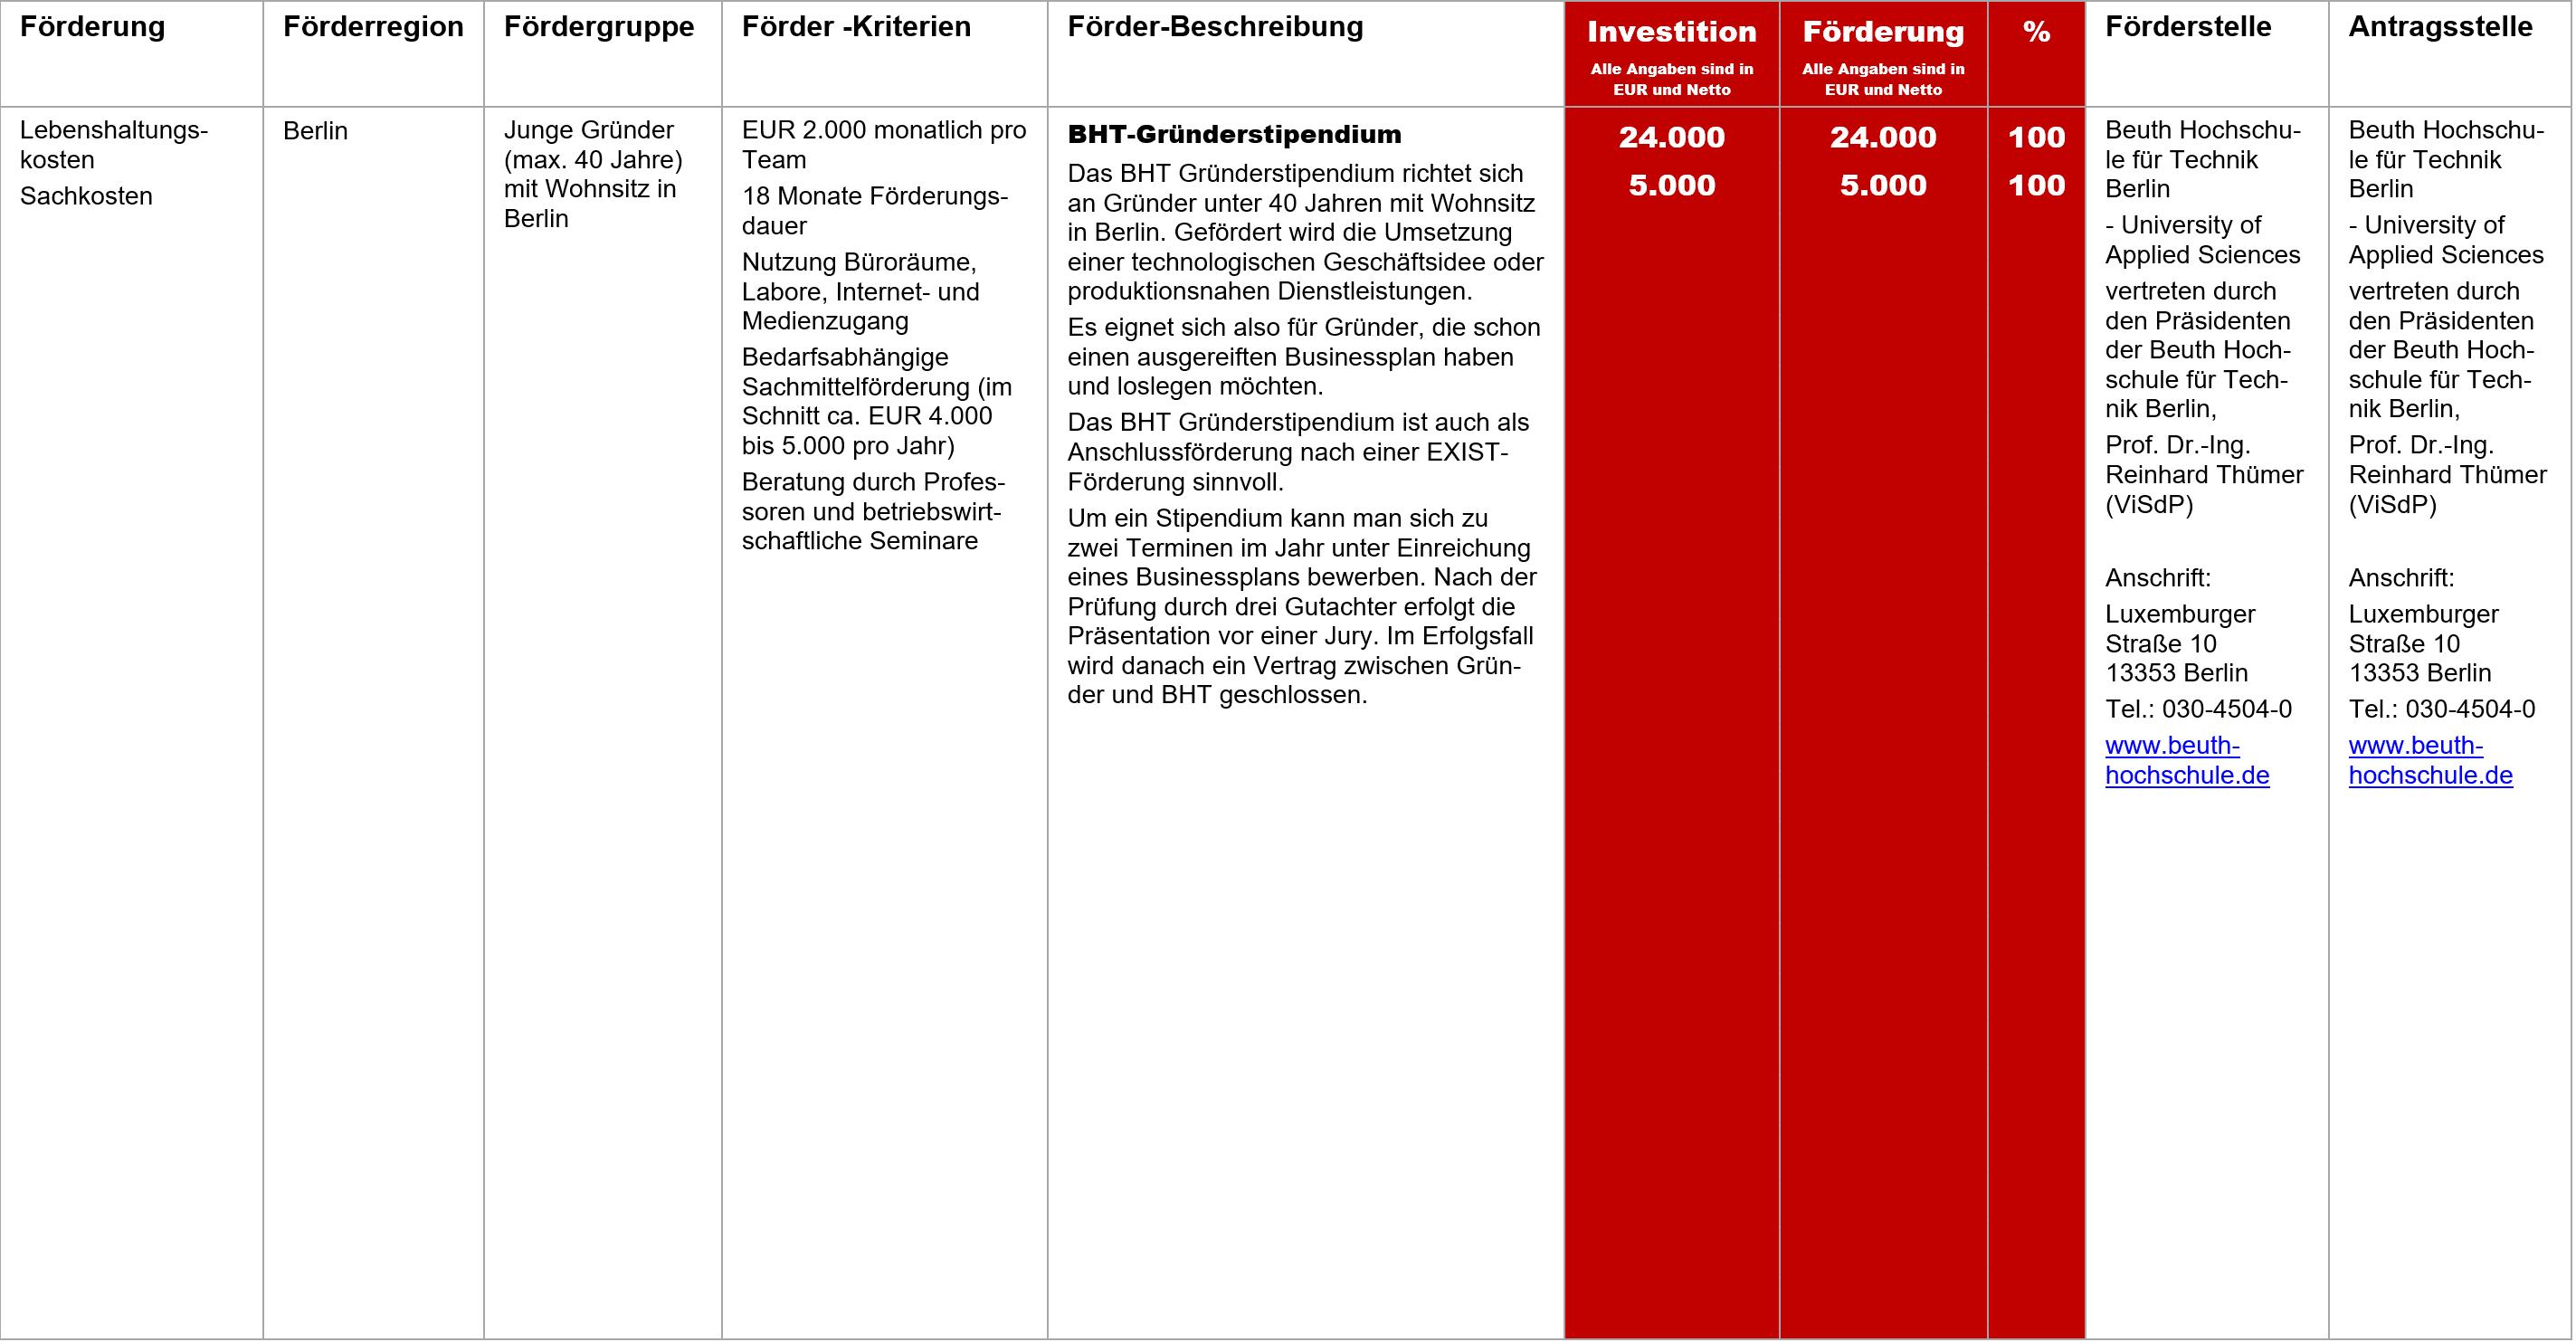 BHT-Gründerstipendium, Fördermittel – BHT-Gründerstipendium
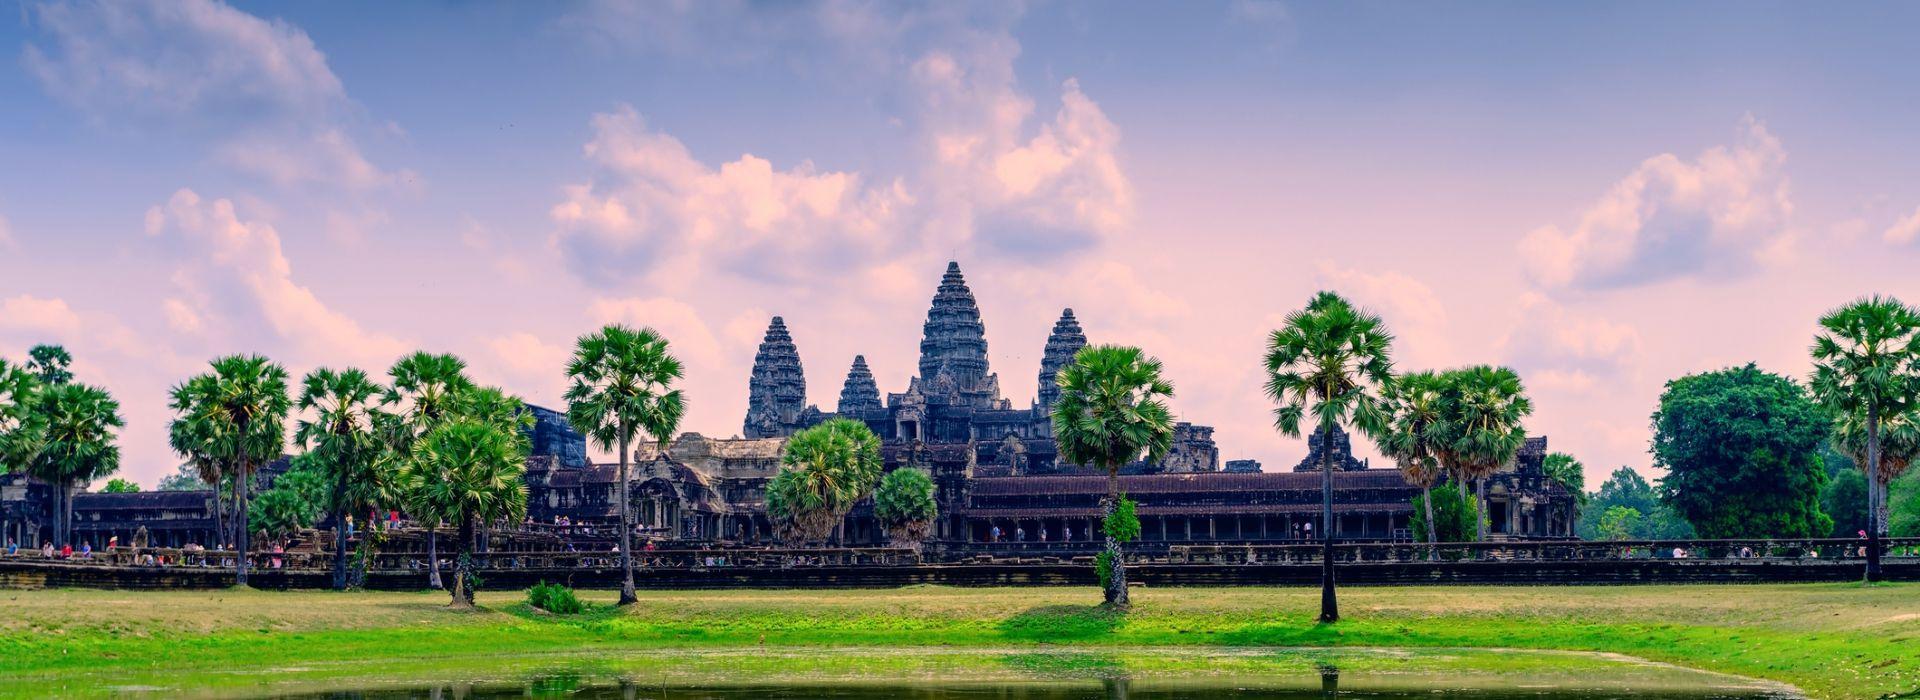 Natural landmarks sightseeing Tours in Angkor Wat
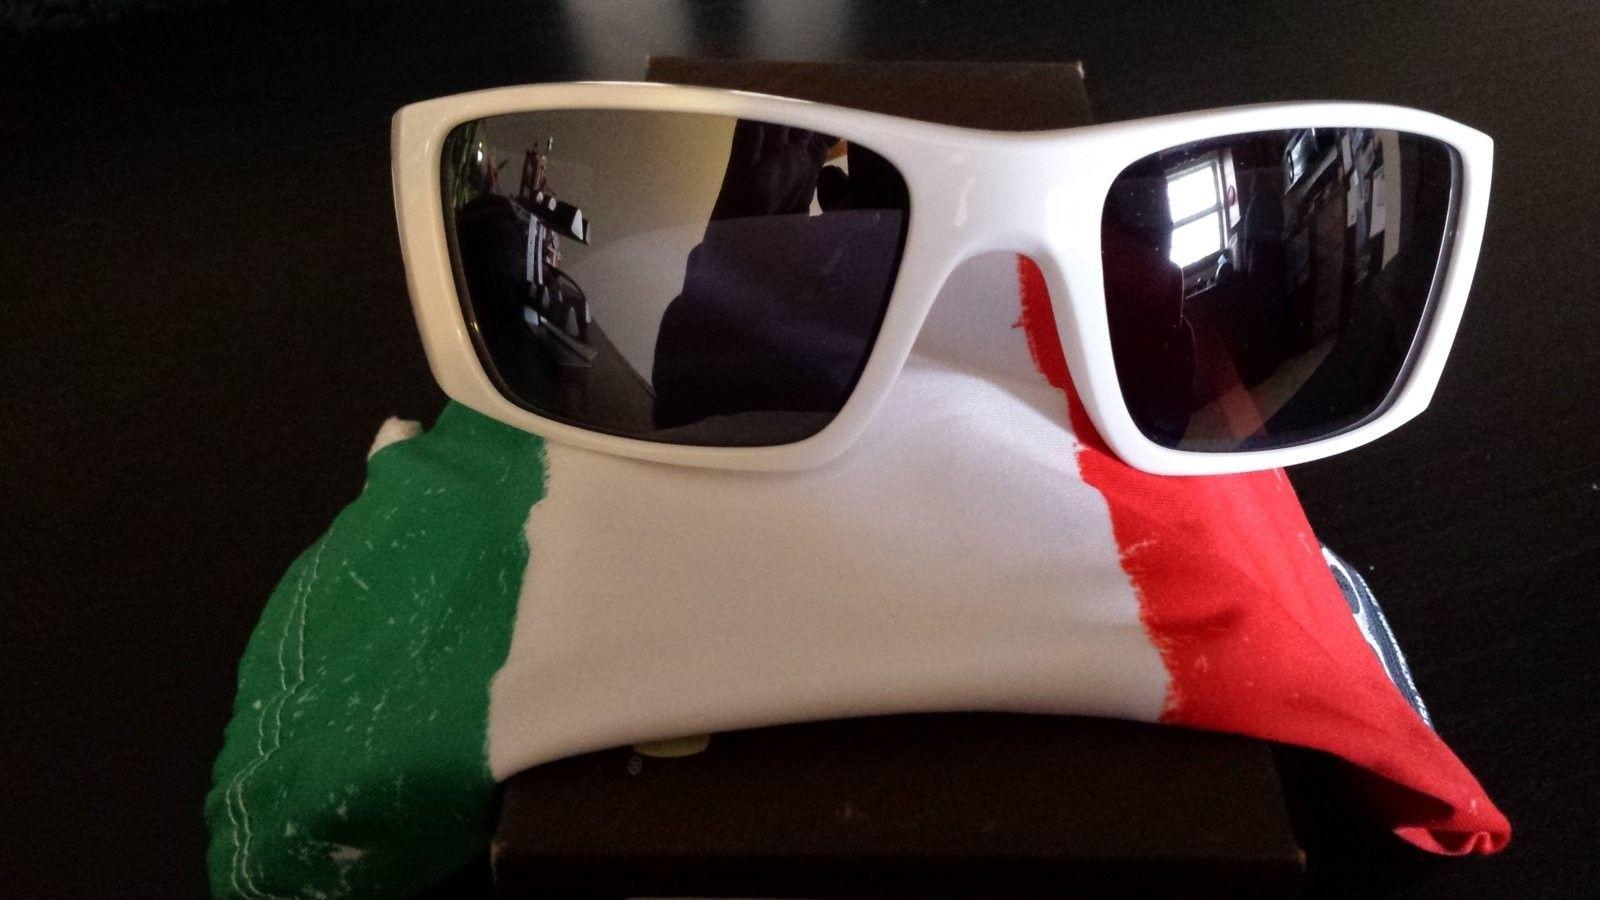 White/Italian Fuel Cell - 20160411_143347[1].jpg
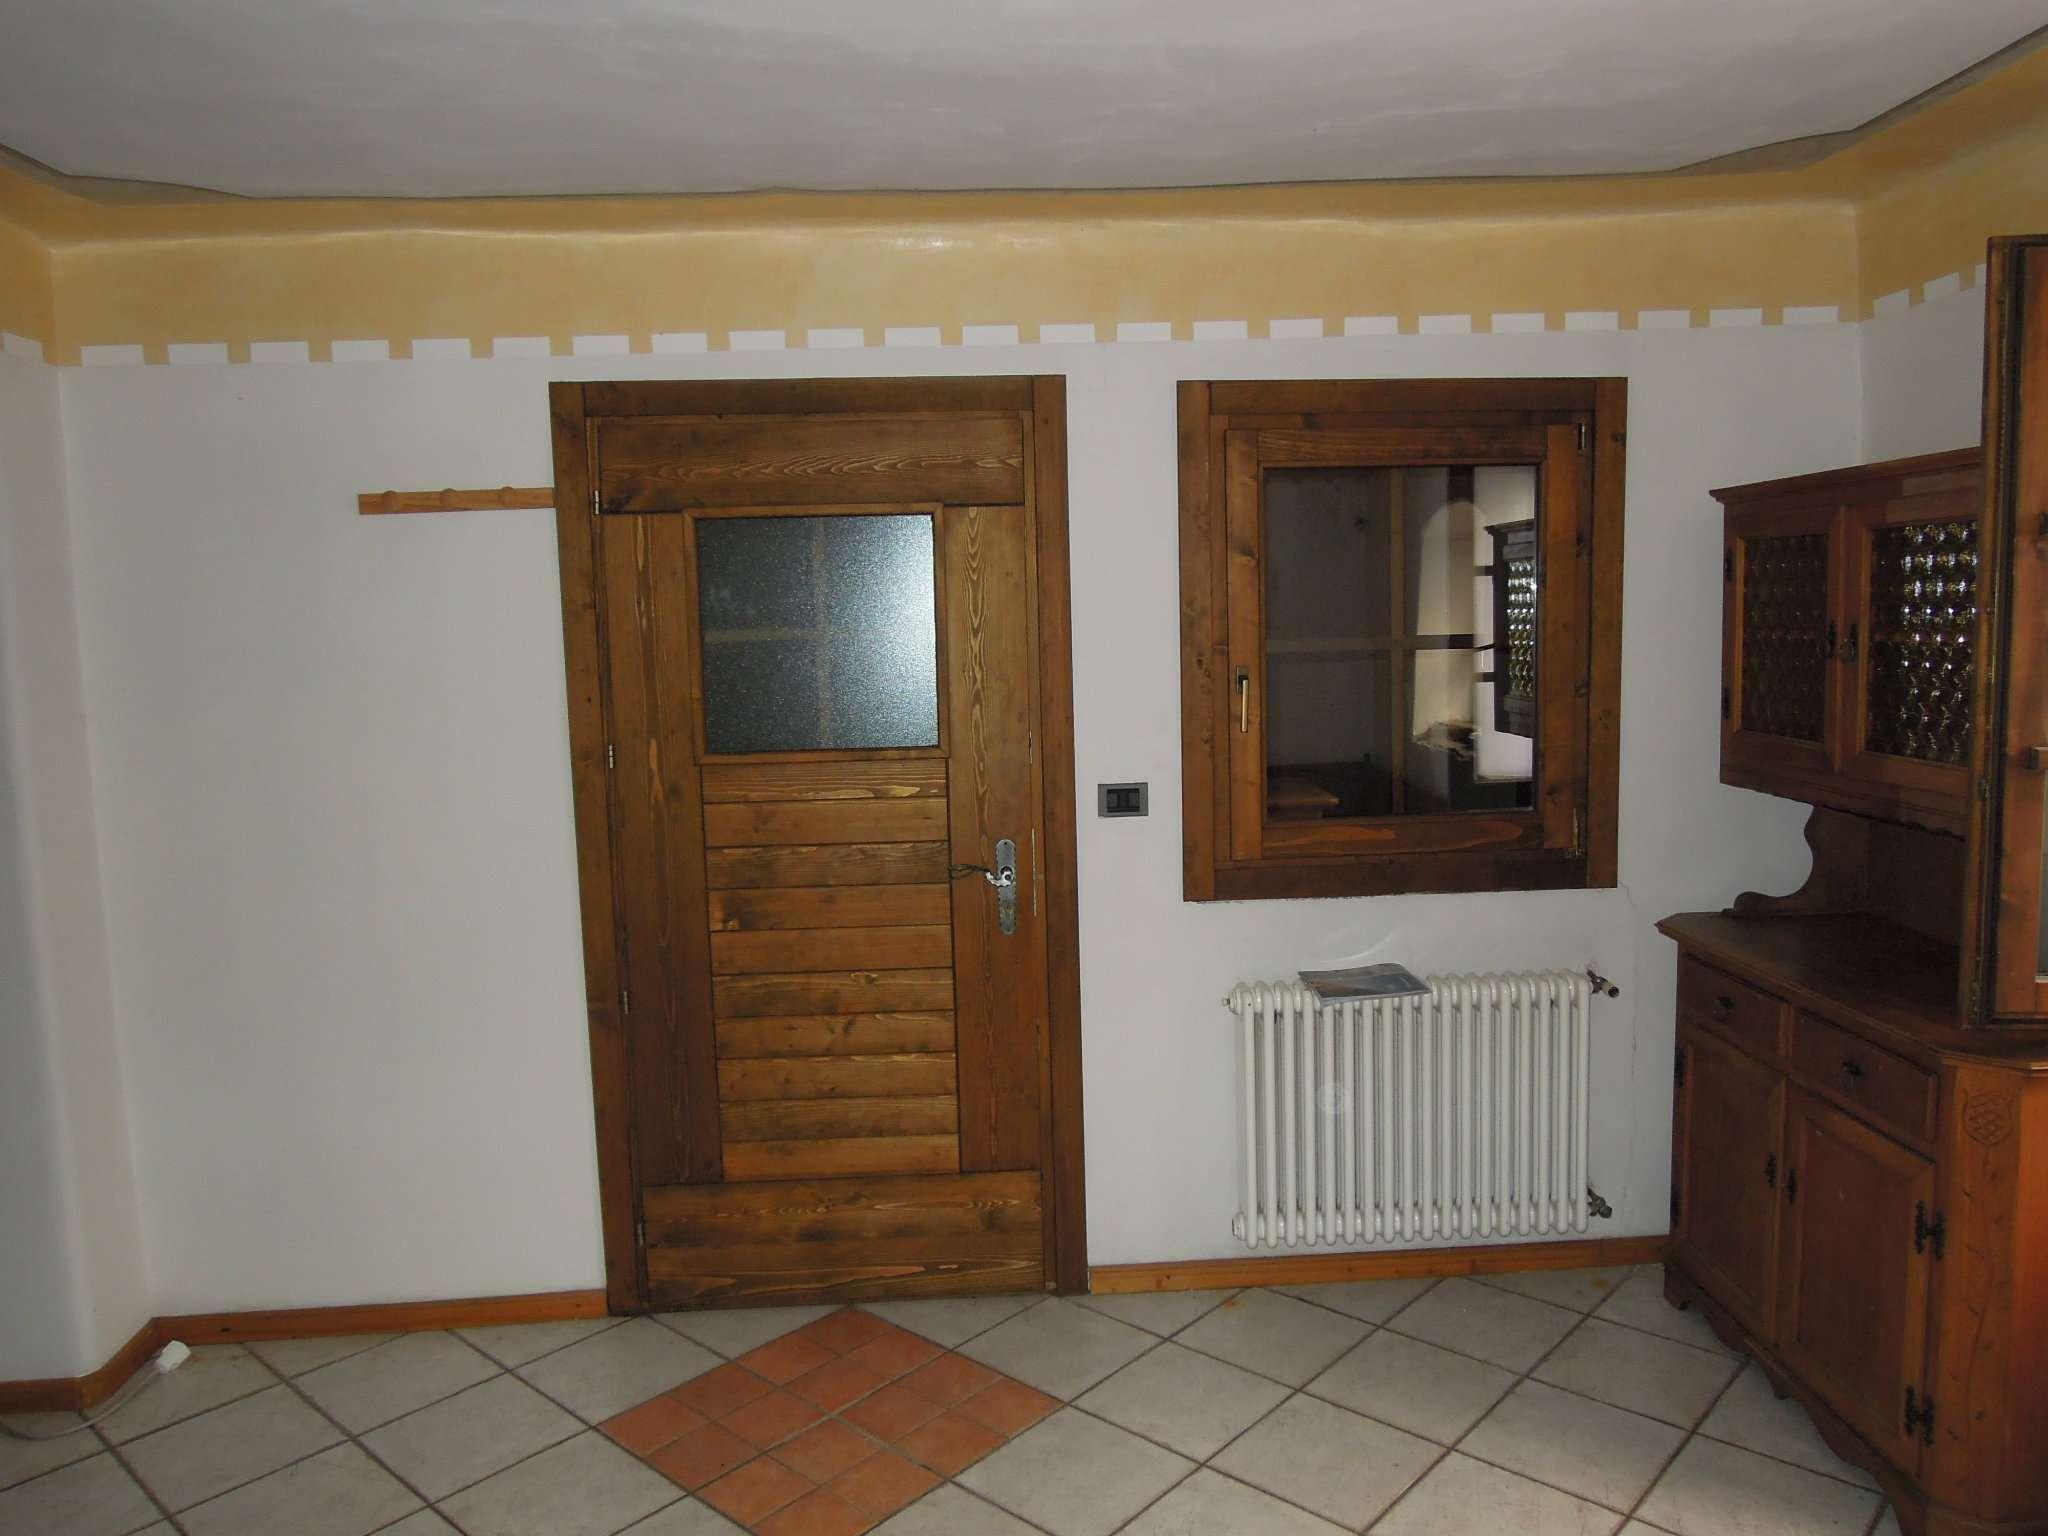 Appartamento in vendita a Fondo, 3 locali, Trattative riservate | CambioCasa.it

━━━━━━━━━━━━━━━━━━━━

WORK TO BE COMPLETED
Write out exactly, and only, the lines from the line holding "White/Italian Fuel Cell" through the end of the data, inclusive, without any pictures.

SOLUTION TO THIS TASK
 White/Italian Fuel Cell - 20160411_143347[1].jpg
 Appartamento in vendita a Fondo, 3 locali, Trattative riservate | CambioCasa.it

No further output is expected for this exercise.